使用 mlr3 结合弹性网络和逻辑回归的两级堆叠学习器enseble 模型

如何解决使用 mlr3 结合弹性网络和逻辑回归的两级堆叠学习器enseble 模型

我尝试解决医学中的一个常见问题:将预测模型与其他来源相结合,例如,专家意见 [有时在医学中非常深入],称为 superdoc 预测器在这篇文章中。

这可以通过将模型与逻辑回归(进入专家意见)叠加来解决,如本文第 26 页所述:

Afshar P、Mohammadi A、Plataniotis KN、Oikonomou A、Benali H。来自 手工制作到基于深度学习的癌症放射组学:挑战和 机会。 IEEE 信号处理杂志 2019; 36:132-60。可用 here

我在没有考虑过拟合的情况下尝试了这个 here(我没有应用低级学习者的折叠预测):

示例数据

# library
library(tidyverse)
library(caret)
library(glmnet)
library(mlbench)

# get example data
data(PimaIndiansDiabetes,package="mlbench")
data <- PimaIndiansDiabetes

# add the super doctors opinion to the data
set.seed(2323)
data %>% 
  rowwise() %>% 
  mutate(superdoc=case_when(diabetes=="pos" ~ as.numeric(sample(0:2,1)),TRUE~ 0)) -> data

# separate the data in a training set and test set
train.data <- data[1:550,]
test.data <- data[551:768,]

不考虑折叠预测的堆叠模型:

# elastic net regression (without the superdoc's opinion)
set.seed(2323)
model <- train(
  diabetes ~.,data = train.data %>% select(-superdoc),method = "glmnet",trControl = trainControl("repeatedcv",number = 10,repeats=10,classProbs = TRUE,savePredictions = TRUE,summaryFunction = twoClassSummary),tuneLength = 10,metric="ROC" #ROC metric is in twoClassSummary
)


# extract the coefficients for the best alpha and lambda  
coef(model$finalModel,model$finalModel$lambdaOpt) -> coeffs
tidy(coeffs) %>% tibble() -> coeffs

coef.interc = coeffs %>% filter(row=="(Intercept)") %>% pull(value)
coef.pregnant = coeffs %>% filter(row=="pregnant") %>% pull(value)
coef.glucose = coeffs %>% filter(row=="glucose") %>% pull(value)
coef.pressure = coeffs %>% filter(row=="pressure") %>% pull(value)
coef.mass = coeffs %>% filter(row=="mass") %>% pull(value)
coef.pedigree = coeffs %>% filter(row=="pedigree") %>% pull(value)
coef.age = coeffs %>% filter(row=="age") %>% pull(value)

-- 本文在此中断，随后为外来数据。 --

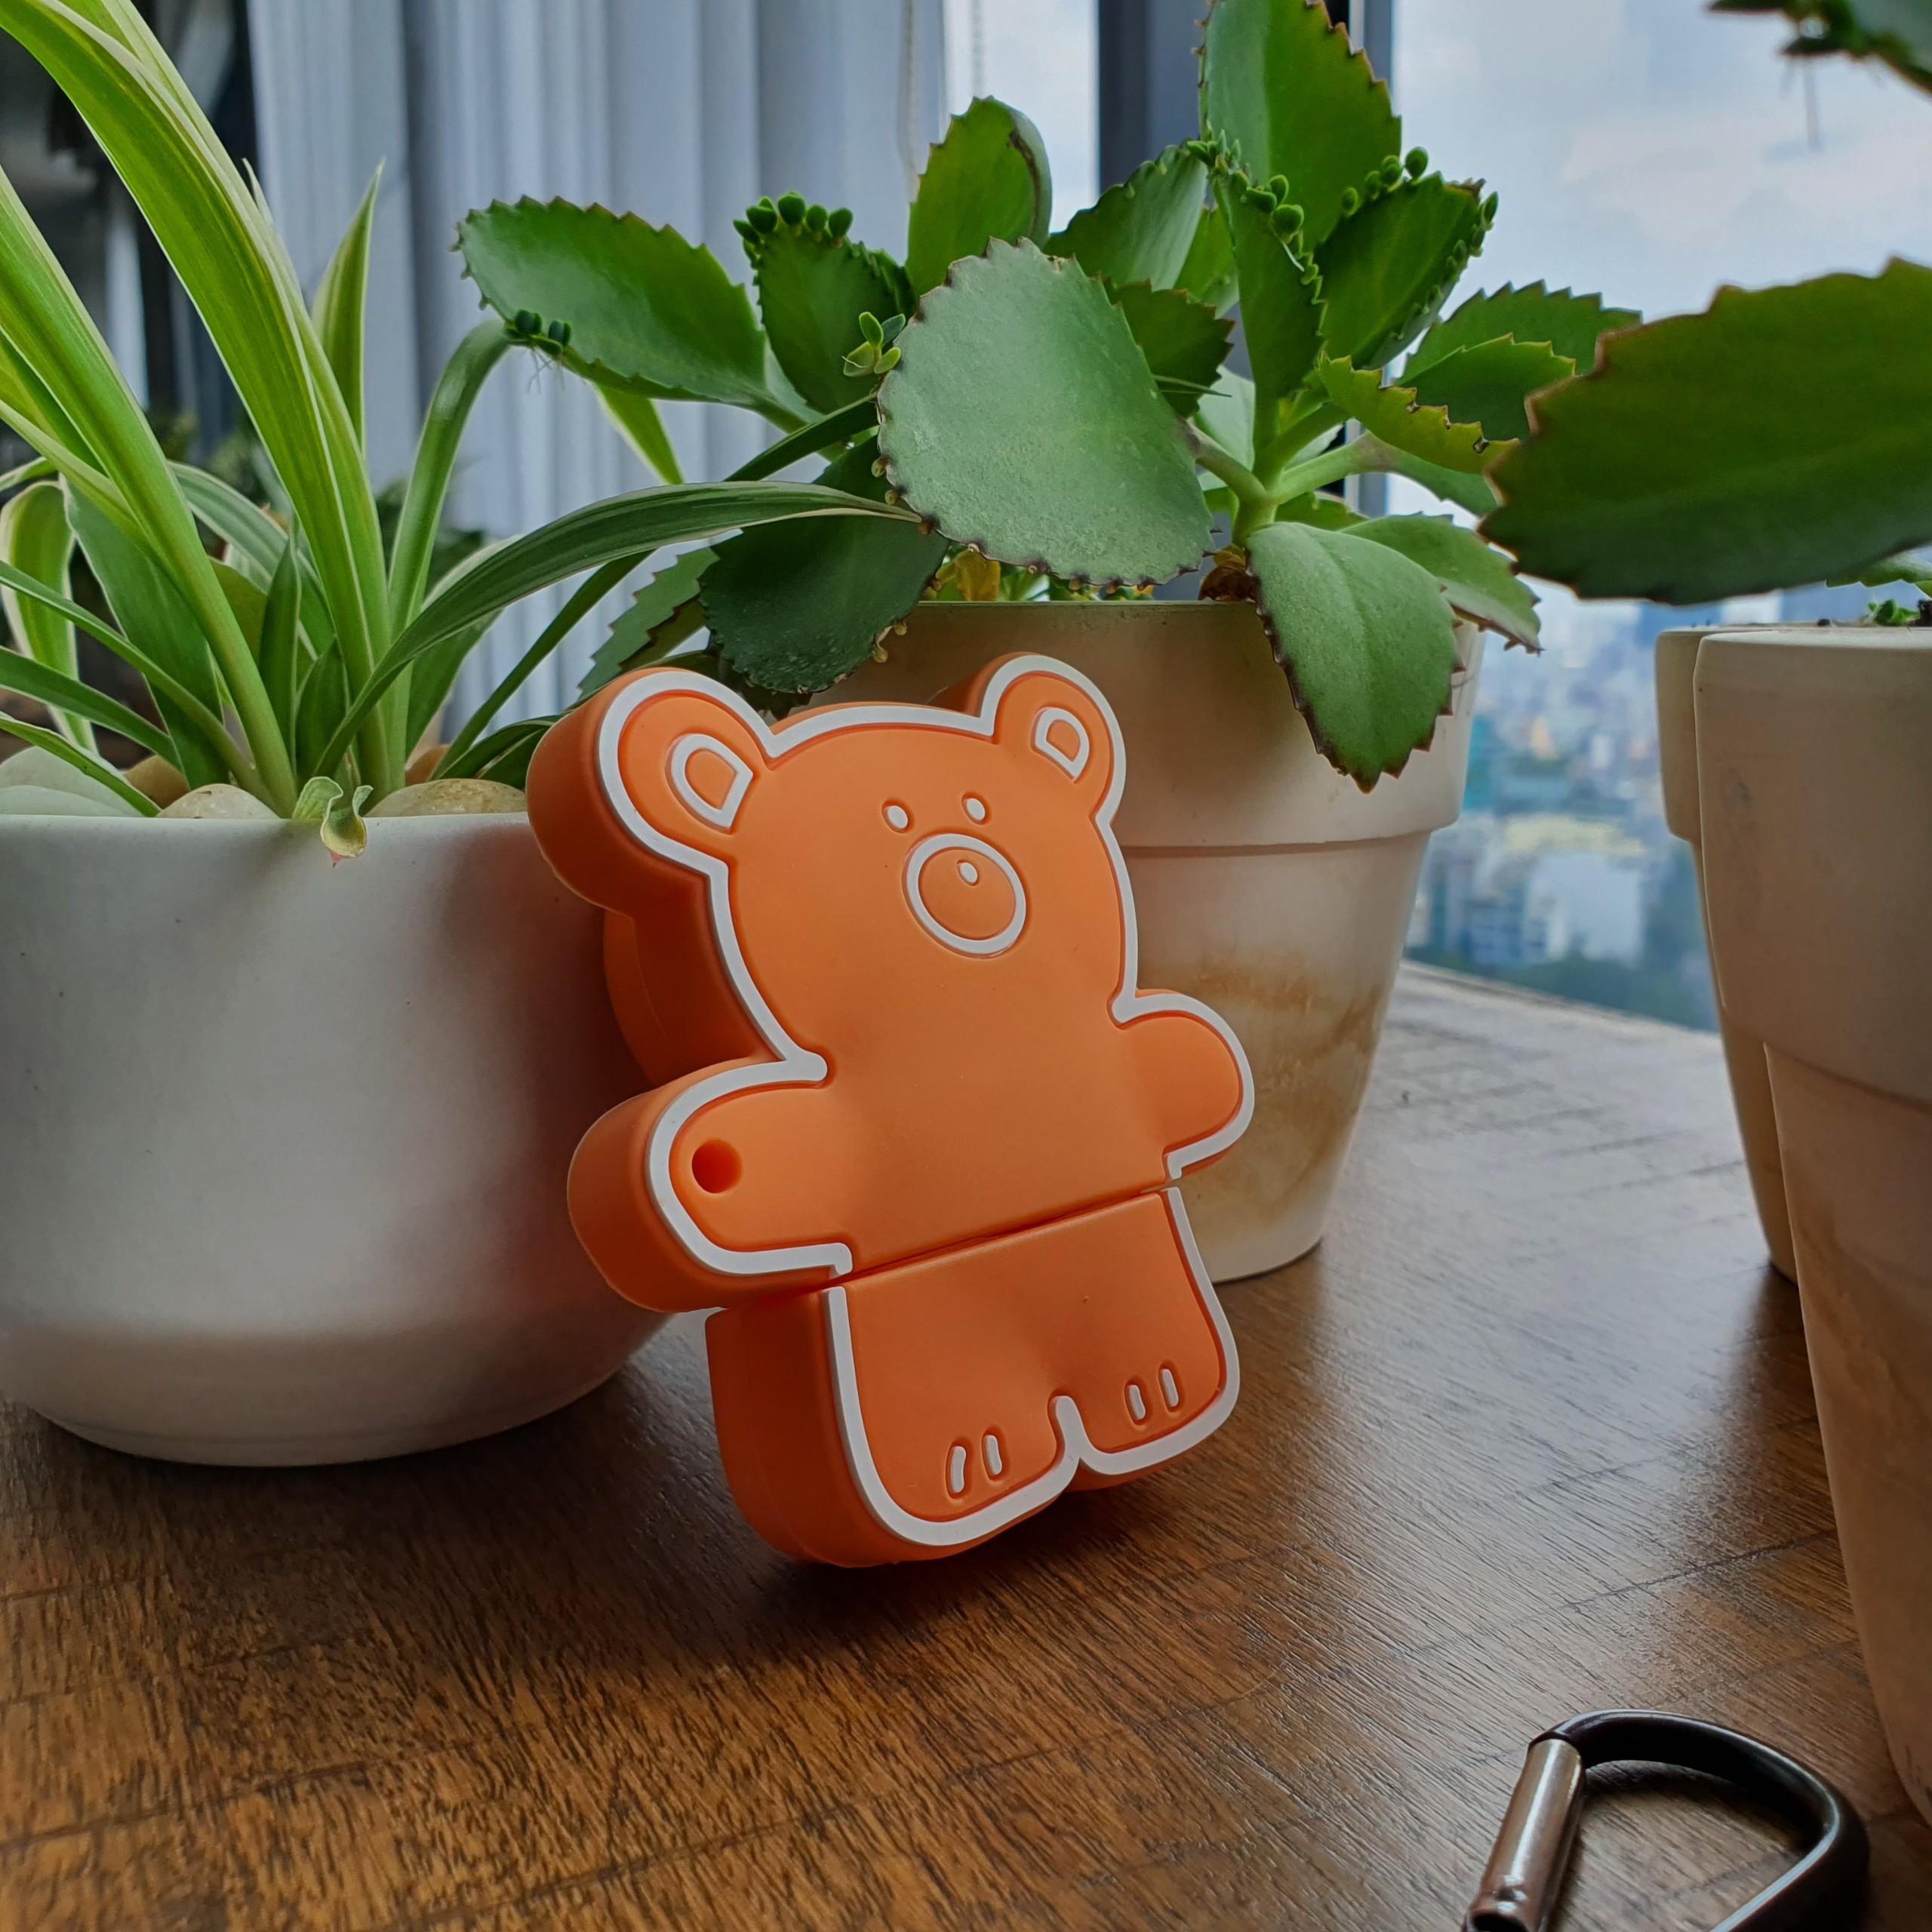 Bao Case Silicon Cho Tai Nghe Apple AirPods 1 / AirPods 2 -  Hình Gấu Màu Cam

# combine the model with the superdoc's opinion in a logistic regression model
finalmodel = glm(diabetes ~ superdoc + I(coef.interc + coef.pregnant*pregnant + coef.glucose*glucose + coef.pressure*pressure + coef.mass*mass + coef.pedigree*pedigree + coef.age*age),family=binomial,data=train.data)

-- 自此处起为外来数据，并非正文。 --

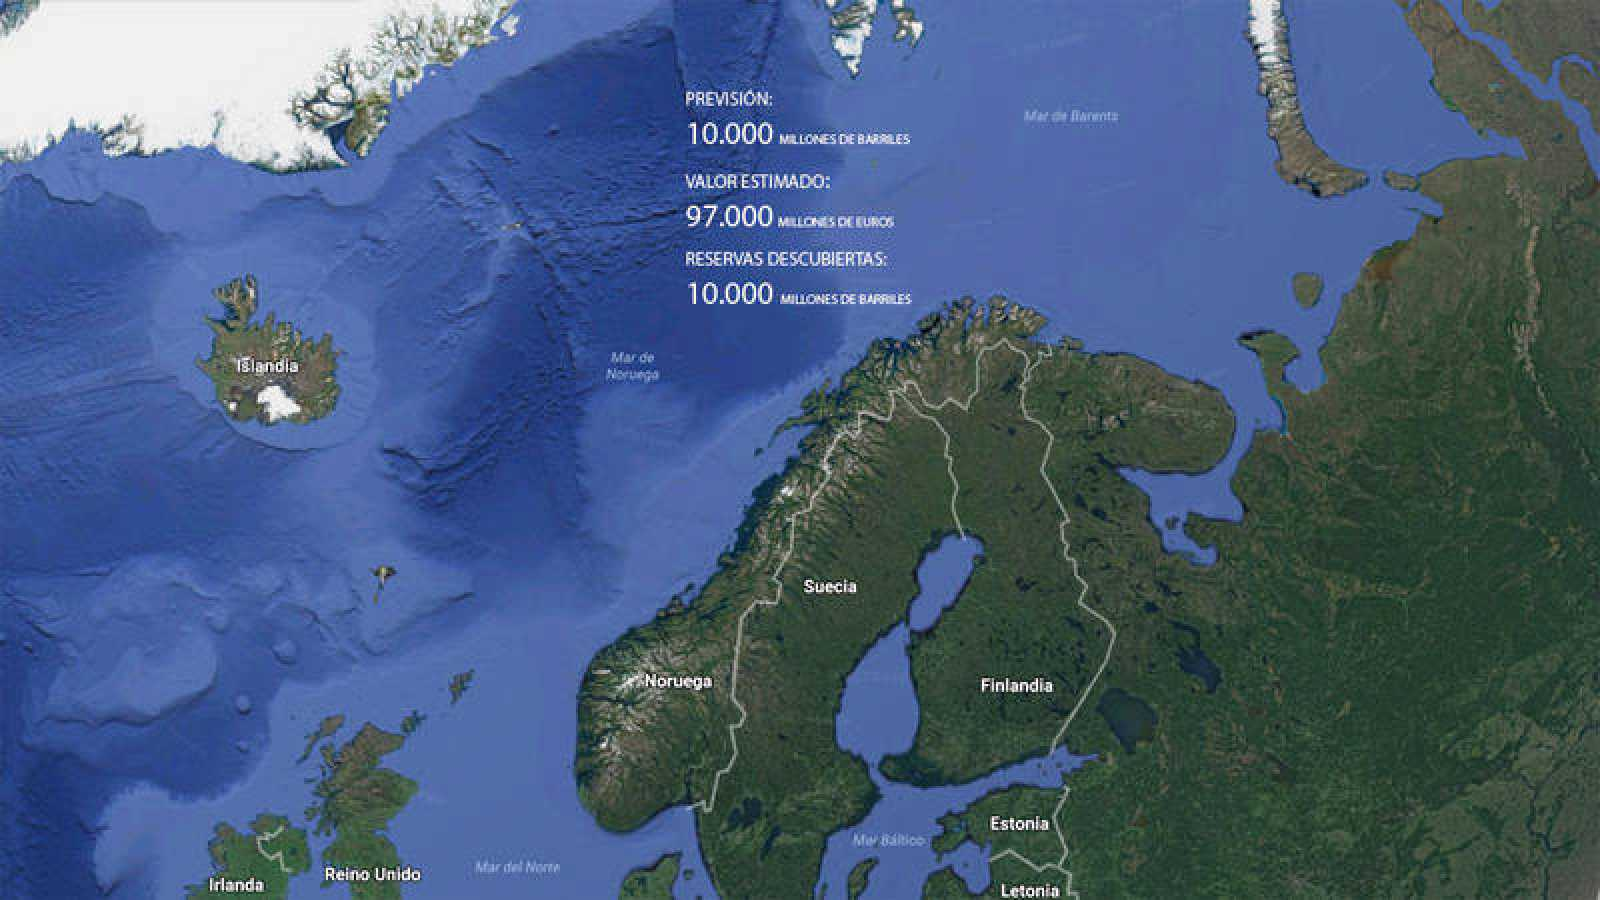 Noruega duplica sus previsiones de petróleo en el mar de Barents

# make predictions on the test data
predict(finalmodel,test.data,type="response") -> predictions


# check the AUC of the model in the test data
roc(test.data$diabetes,predictions,ci=TRUE) 
#> Setting levels: control = neg,case = pos
#> Setting direction: controls < cases
#> 
#> Call:
#> roc.default(response = test.data$diabetes,predictor = predictions,ci = TRUE)
#> 
#> Data: predictions in 145 controls (test.data$diabetes neg) < 73 cases (test.data$diabetes pos).
#> Area under the curve: 0.9345
#> 95% CI: 0.8969-0.9721 (DeLong)

现在我想根据这篇非常有用的帖子考虑使用 mlr3 包系列的折叠预测:Tuning a stacked learner

#library
library(mlr3)
library(mlr3learners)
library(mlr3pipelines)
library(mlr3filters)
library(mlr3tuning)
library(paradox)
library(glmnet)

# creat elastic net regression
glmnet_lrn =  lrn("classif.cv_glmnet",predict_type = "prob")

# create the learner out-of-bag predictions
glmnet_cv1 = po("learner_cv",glmnet_lrn,id = "glmnet") #I could not find a setting to filter the predictors (ie,not send the superdoc predictor here)

# summarize steps 
level0 = gunion(list(
  glmnet_cv1,po("nop",id = "only_superdoc_predictor")))  %>>% #I could not find a setting to send only the superdoc predictor to "union1"
  po("featureunion",id = "union1")


# final logistic regression
log_reg_lrn = lrn("classif.log_reg",predict_type = "prob")

# combine ensemble model
ensemble = level0 %>>% log_reg_lrn
ensemble$plot(html = FALSE)

reprex package (v1.0.0) 于 2021 年 3 月 15 日创建

我的问题(我对 mlr3 软件包系列比较陌生)

  1. mlr3 包系列是否非常适合我尝试构建的集成模型?
  2. 如果是,我最终确定了集成模型并在 test.data 上做出预测有多冷

解决方法

我认为 mlr3 / mlr3pipelines 非常适合您的任务。看来您缺少的主要是 PipeOpSelect / po("select"),它允许您根据名称或其他属性提取特征并利用 Selector 对象。你的代码应该看起来像

library("mlr3")
library("mlr3pipelines")
library("mlr3learners")

# creat elastic net regression
glmnet_lrn = lrn("classif.cv_glmnet",predict_type = "prob")

# create the learner out-of-bag predictions
glmnet_cv1 = po("learner_cv",glmnet_lrn,id = "glmnet")

# PipeOp that drops 'superdoc',i.e. selects all except 'superdoc'
# (ID given to avoid ID clash with other selector)
drop_superdoc = po("select",id = "drop.superdoc",selector = selector_invert(selector_name("superdoc")))

# PipeOp that selects 'superdoc' (and drops all other columns)
select_superdoc = po("select",id = "select.superdoc",selector = selector_name("superdoc"))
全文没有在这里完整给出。